- ABOUT THIS TASK
Starting with the line that contains "футболка вы опытный" and stopping after the line that contains "Car Air Freshener Shampoo Bar - 1-Pack", return each line below exactly as written, with no others.

- MATERIALS PROVIDED
== Segment start ==

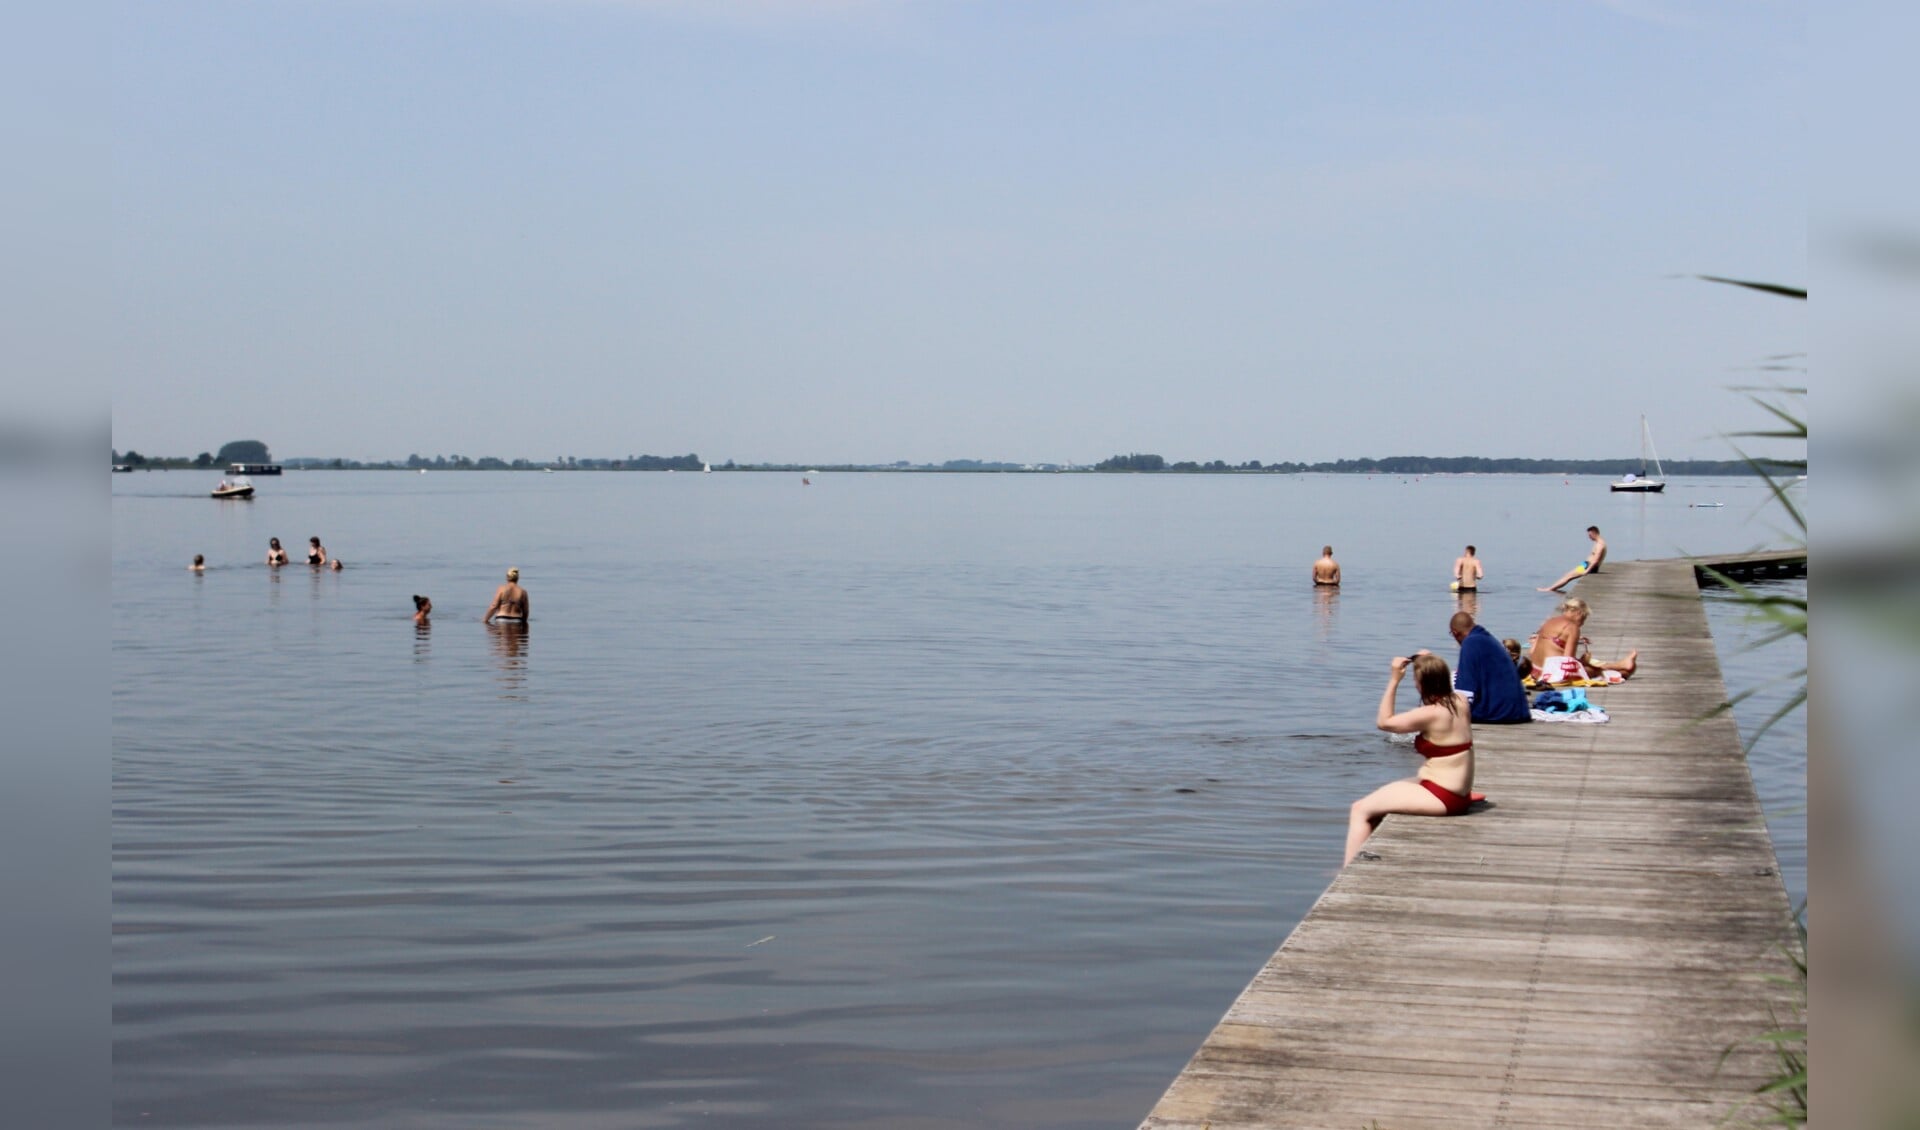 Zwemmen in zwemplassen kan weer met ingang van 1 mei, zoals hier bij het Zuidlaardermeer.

== Segment end ==
== Segment start ==

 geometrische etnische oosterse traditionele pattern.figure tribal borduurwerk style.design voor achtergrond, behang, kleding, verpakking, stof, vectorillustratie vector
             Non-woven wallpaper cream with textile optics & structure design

== Segment end ==
== Segment start ==

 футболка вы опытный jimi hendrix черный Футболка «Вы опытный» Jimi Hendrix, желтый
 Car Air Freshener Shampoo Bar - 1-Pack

== Segment end ==

- RESPONSE TO THIS EXERCISE
 футболка вы опытный jimi hendrix черный Футболка «Вы опытный» Jimi Hendrix, желтый
 Car Air Freshener Shampoo Bar - 1-Pack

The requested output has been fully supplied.